Events of potential learning: how preschoolers produce curriculum at the computer during free play periods

Bevemyr, M. & Björk-Willén, P.
Nordic Early Childhood Education Research Journal 12(8), 1-16.


The purpose of this study is to explore children's interaction with each other while at a computer during free play periods in preschool. The study investigates what kind of learning is going on at the computer, and the authors discuss this learning in relation to the curriculum goals and the children's own interests and communities of practice.


Overall, the study shows that children's free play at the computer can contribute different kinds of learning that are linguistic and mathematical as well as physical and social. In these potential learning situations, the computer functions as an active co-player in the children's interaction. Often, the computer game itself takes on a secondary role; the social aspect is the driving force of the children's participation in the situation. At the computer, the children form communities of practice, in which they learn from one another and explore various concepts. The authors conclude that free play at the computer can lead to learning in line with the curriculum goals. However, the children are not always aware of the learning, and learning is not always the focus of their interaction.
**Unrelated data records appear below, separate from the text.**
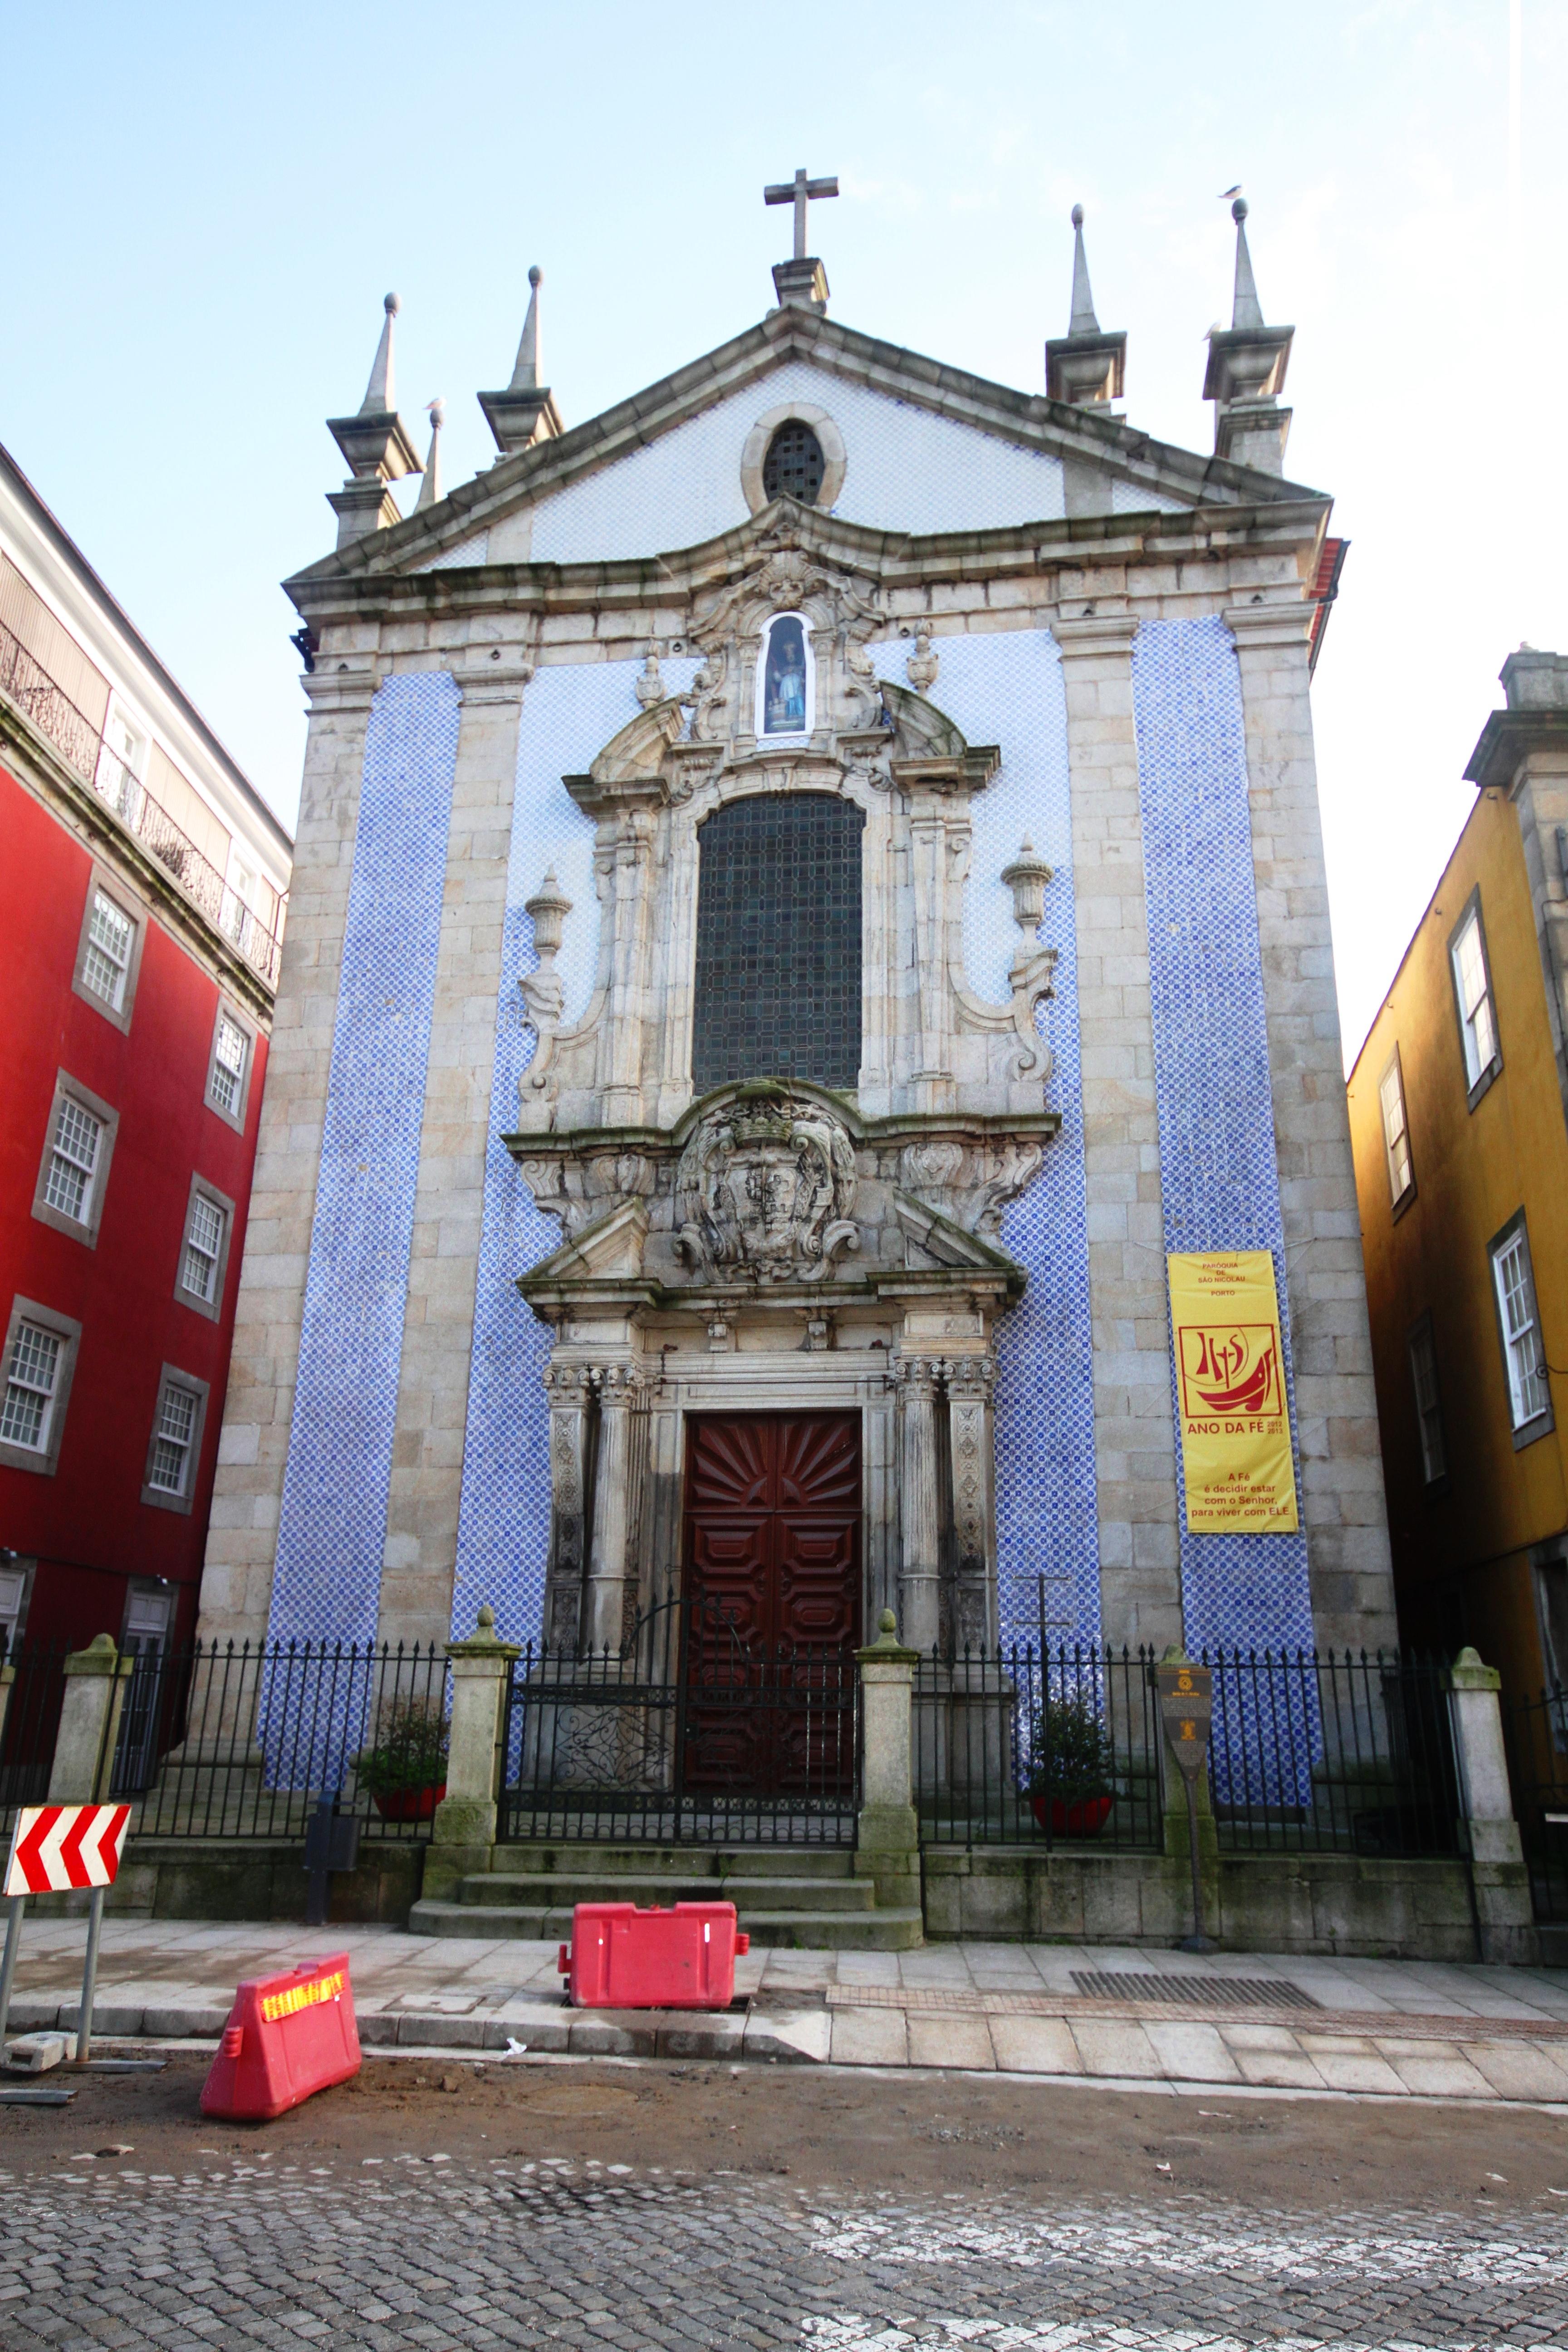 5edee697f2a7 File:Church of São Nicolau - Porto (2).JPG - Wikimedia Commons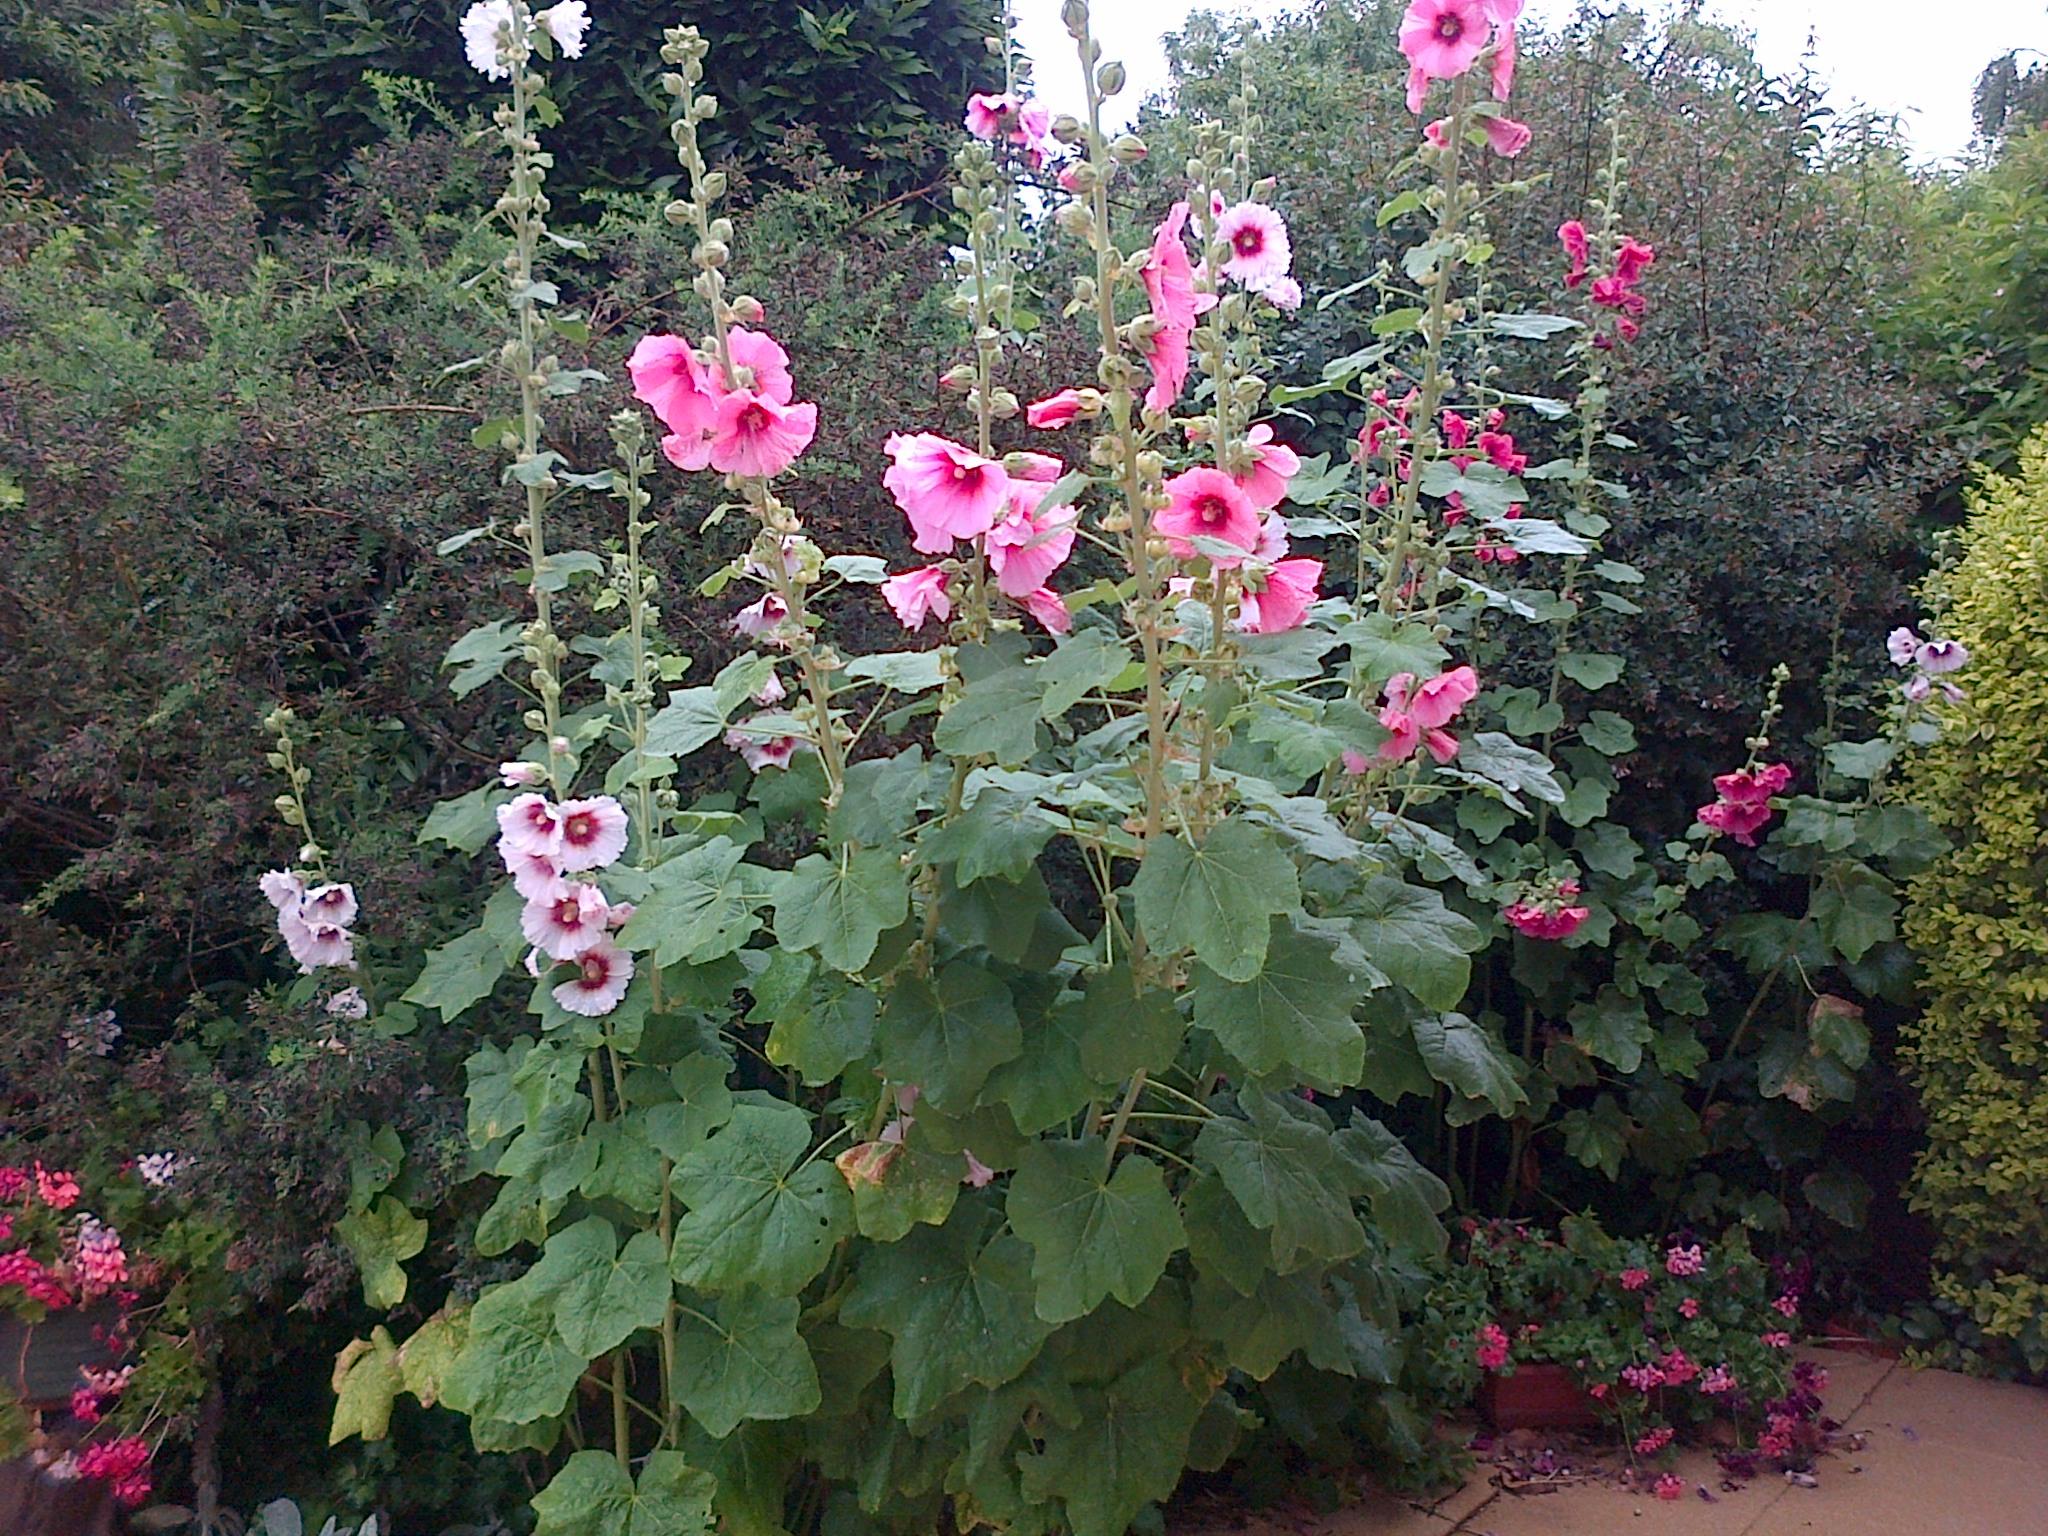 Fleurs au jardin en bretagne for Fleurs au jardin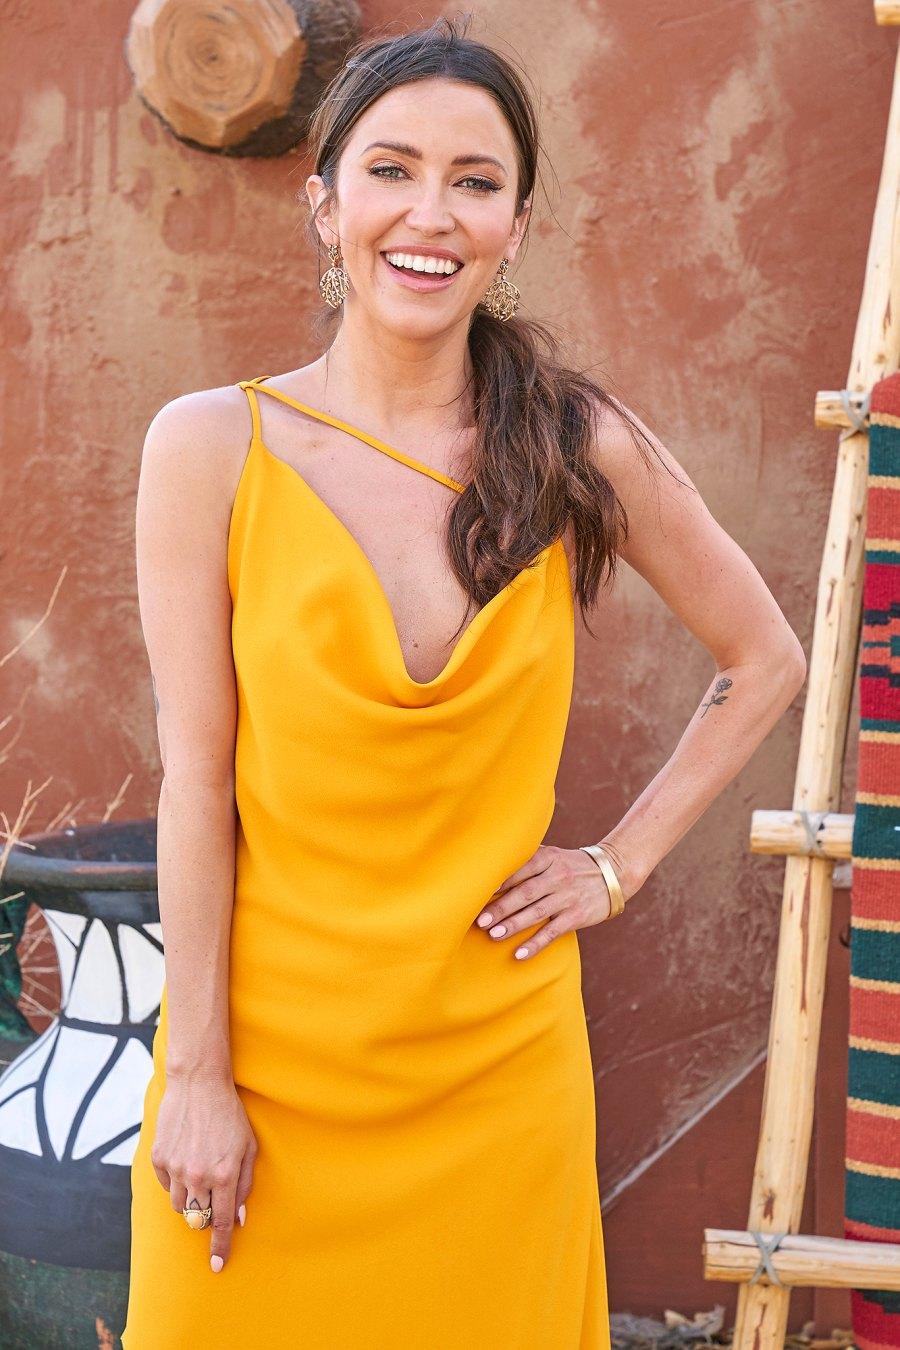 Kaitlyn Bristowe Bachelor Nation Reacts Katie Thurston and Blake Moynes Engagement Bachelorette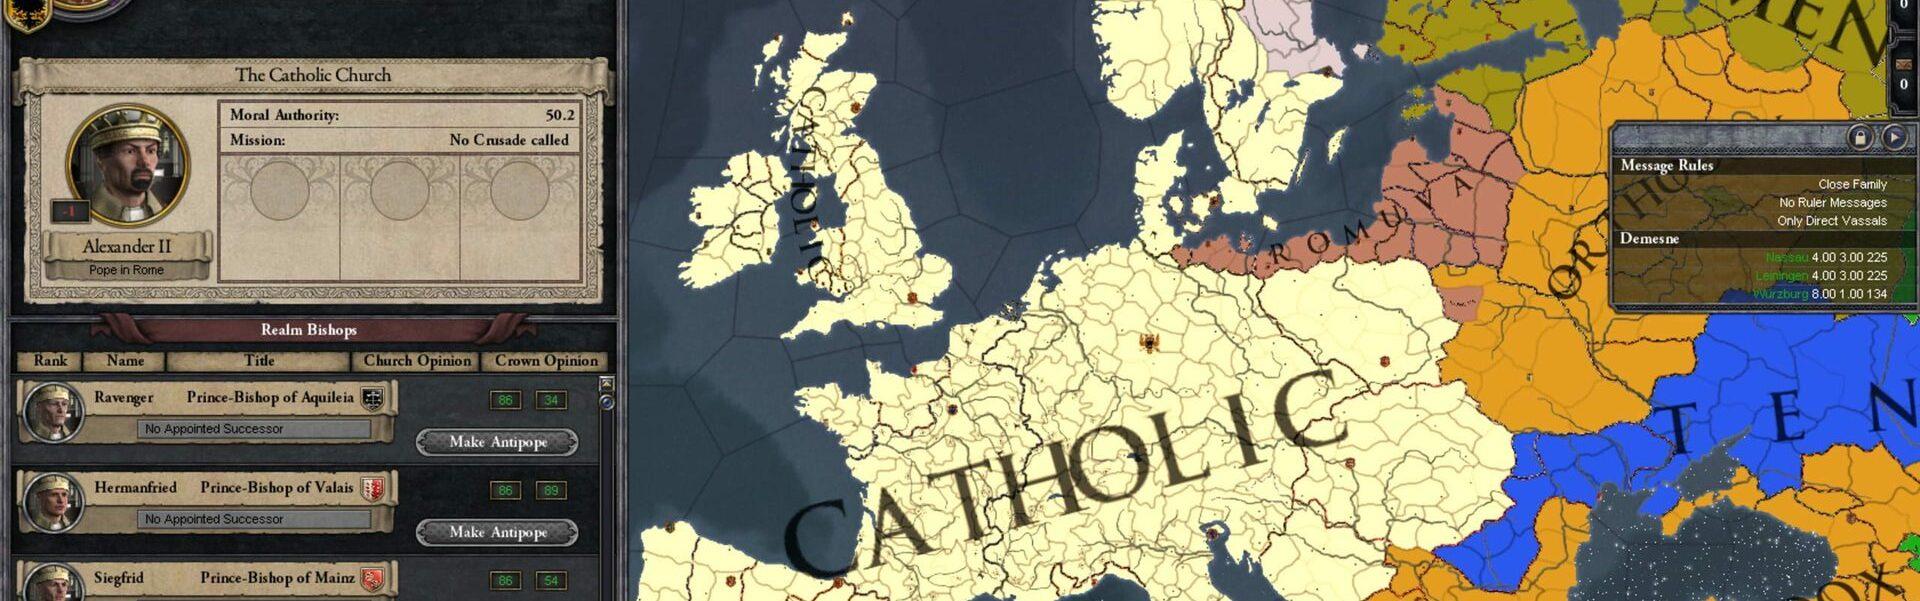 Crusader Kings II - (DLC) Collection 2014 Steam Key GLOBAL

The authors identify two primary interaction patterns that take place when the children play in groups at the computer. The first interaction pattern is peer teaching, in which the children support or teach each other in the functions of the computer. The children position themselves in a teacher-pupil relationship, in which the computer is a co-player providing the children with sound and pictures that are integrated into their interaction. The second interaction pattern unfolds in everyday mathematics when the children use mathematical concepts as part of their interaction. For example, the children use numbers and first/last when agreeing the order of turns on the computer. The children's social interaction adds a mathematical aspect to the situation rather than the fact that they are playing a maths game. The children themselves are not aware that their interaction in connection with turn-taking has a mathematical aspect.

The authors stress that the children often use the computer games in other ways than those intended by the game providers. The children follow their own agenda and adapt the games to their own interaction. This is the case when the children intentionally make mistakes in a pairing fish game. The children still follow the objective of the game, which is to know the differences between shapes, but they adjust the game to their own context and use it to play with common perceptions of what fits together.


The authors draw on empiricism from two studies on children's interaction practices in front of a computer. In both studies, the data material consists of video footage from preschool classrooms with children aged 3-5 years. The first study includes two preschool classrooms with up to 20 children each, whereas the second study draws on data from one preschool (a total of 22 children). The video footage was analysed and indexed paying particular attention to the children's various interaction patterns.


Bevemyr, M. & Björk-Willén, P. (2016). Events of potential learning: how preschoolers produce curriculum at the computer during free play periods. Nordic Early Childhood Education Research Journal 12(8), 1-16.

Bevemyr, M. (2014). “Children’s Use of Everyday Mathematical Concepts to Describe, Argue and Negotiate Order of Turn”. I: Bergman, L. m.fl. (red.): Childhood, learning and didactics. Educare-vetenskapliga skrifter, 2014:2. Malmö: Malmö Högskola. 63-87

Financed by

The empirical material comes from two studies on children's interaction with each other at a computer. One of the studies is part of a larger project funded by the Swedish Research Council.